I almost never have commercial yeast in my house any more I much prefer to make and eat bread with sourdough. This is mostly because I'm lazy.

Lazy because commercial yeast acts really quickly and you have precise timing for each stage - sourdough is less fussy and gives you an hour or two leeway.

I also really enjoy the flavour of sourdough. I can make it strongly sour (making a stiff sponge) or mild and lofty (a runny sponge started several days before baking day). With sourdough you are the master.


Been hankering for a sourdough hot cross bun recipe but I haven't found one yet that captures that certain I don't know what, I remember from my youth. Instead of working from a sourdough recipe, I decided to start with a recipe I know and love, and transform it into sourdough.



The recipe I'm starting with is from my most favourite bread book ever: Homemade Bread by the Food Editors of Farm Journal. Now, I don't recommend this book to everyone. In fact, I think most people would be offended by it's attitude towards woman. But I find it a funny attempt to counter the feminist movement. I laugh at descriptions how on election night, a woman should be in the kitchen baking Election Night Bread (be careful how you spell that folks) to serve to her husband and his friends from work as they gather around the television watching the polls.


The other reference I'm using to convert this modern recipe is Baking with Sourdough (Storey's Country Wisdom Bulletin) by Sara Pitzer. It's an excellent reference for beginners and experienced sourdough lovers alike. I find myself referencing it time and again.
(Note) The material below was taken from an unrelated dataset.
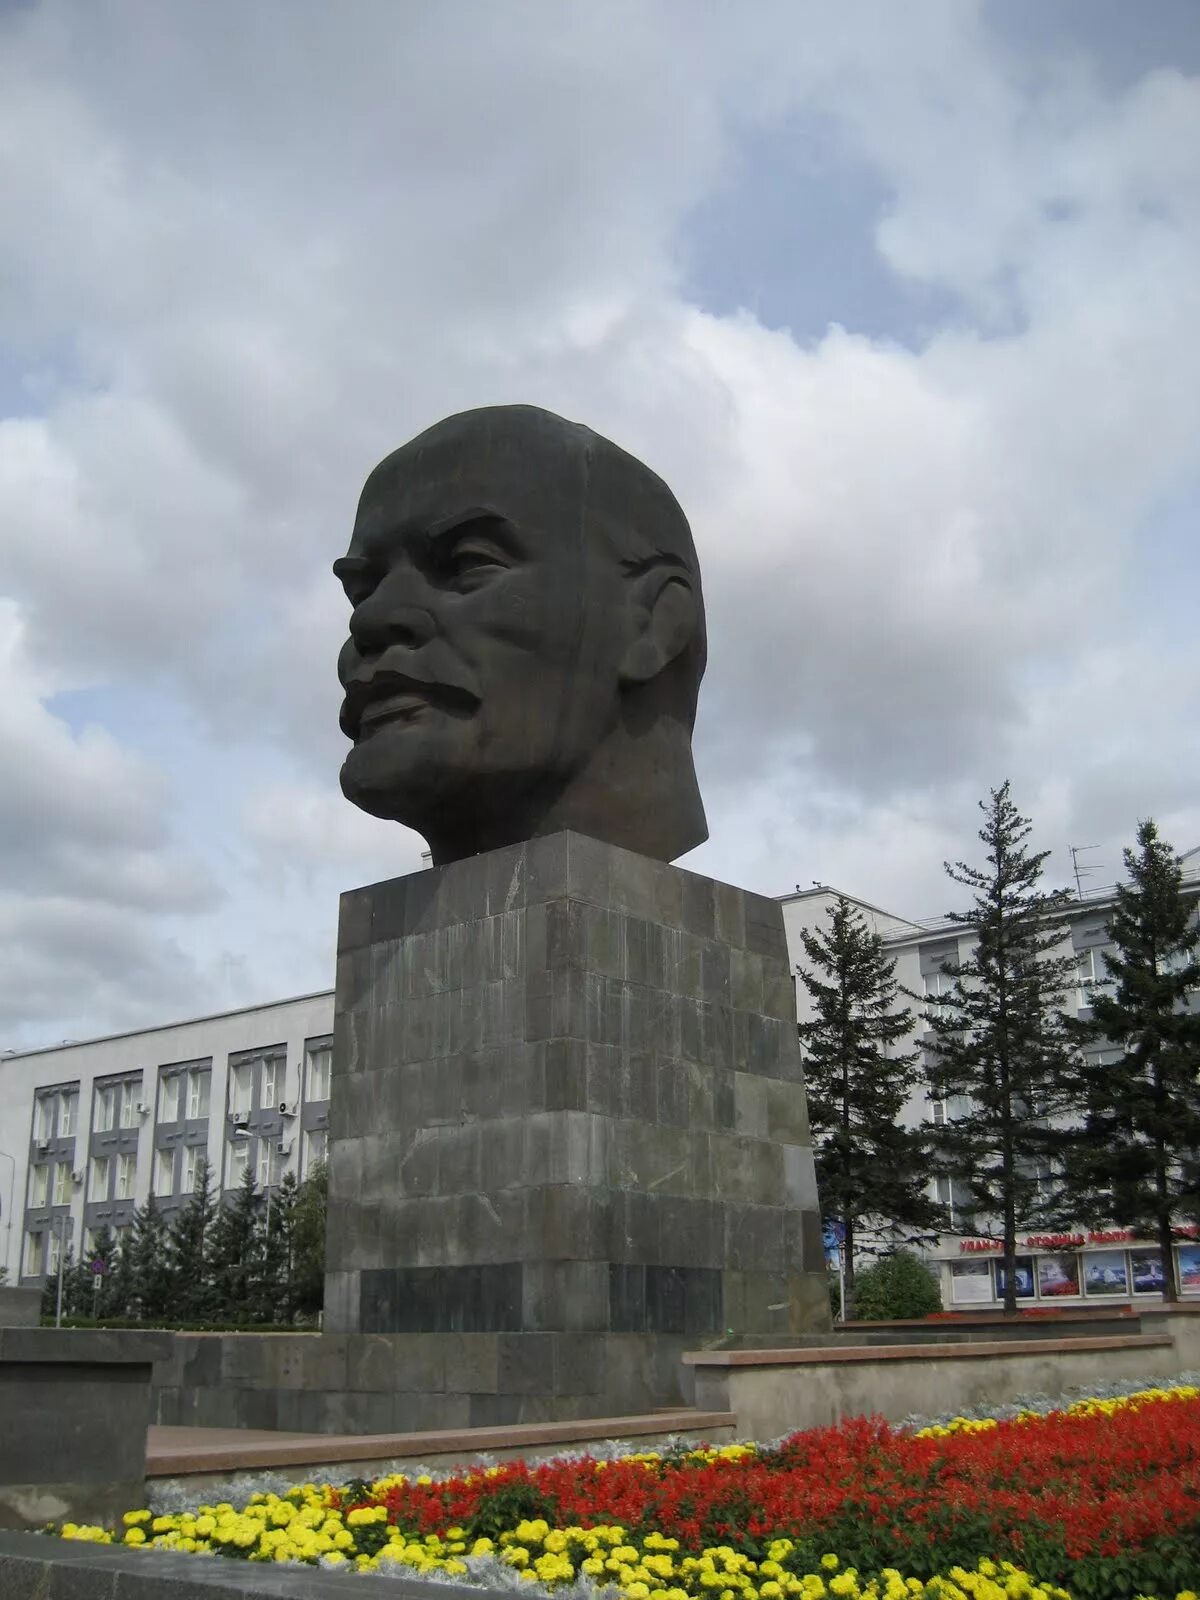 Ленин в улан. Голова Ленина в Улан-Удэ. Улану де голова Ленина. Памятник голова Ленина в Улан-Удэ. Голова Ленина Улан-Удэ вид сбоку.

I highly recommend it.

Sara writes:

"To adapt a yeast recipe, begin with a small amount of starter, about 1/4 cup... Mix the starter with some flour and some of the liquid from the basic recipe you want to convert. Figure that 1/4 cup starter has replaced about 1/4 cup flour and slightly less than 1/4 cup liquid in the recipe.... " She goes on to describes the method of making a sponge, mixing some of the flour and liquid with the starter and letting it sit 4 (for mild flavour) to 24 (for strong flavour) hours. Then proceed with the regular process, being careful to get the right texture of the dough (it helps to have made the recipe using commercial yeast before hand so you know what the desired texture and consistency of the dough should be) and allowing for longer time rising the dough. Sara finishes up saying, "If it 'thinks good,' try it." which is excellent advice.


A few things to note (and Sara's book goes into more detail about this) is that you can control how strong a flavour your sourdough starter gives your bread. You are not at the mercy of your starter.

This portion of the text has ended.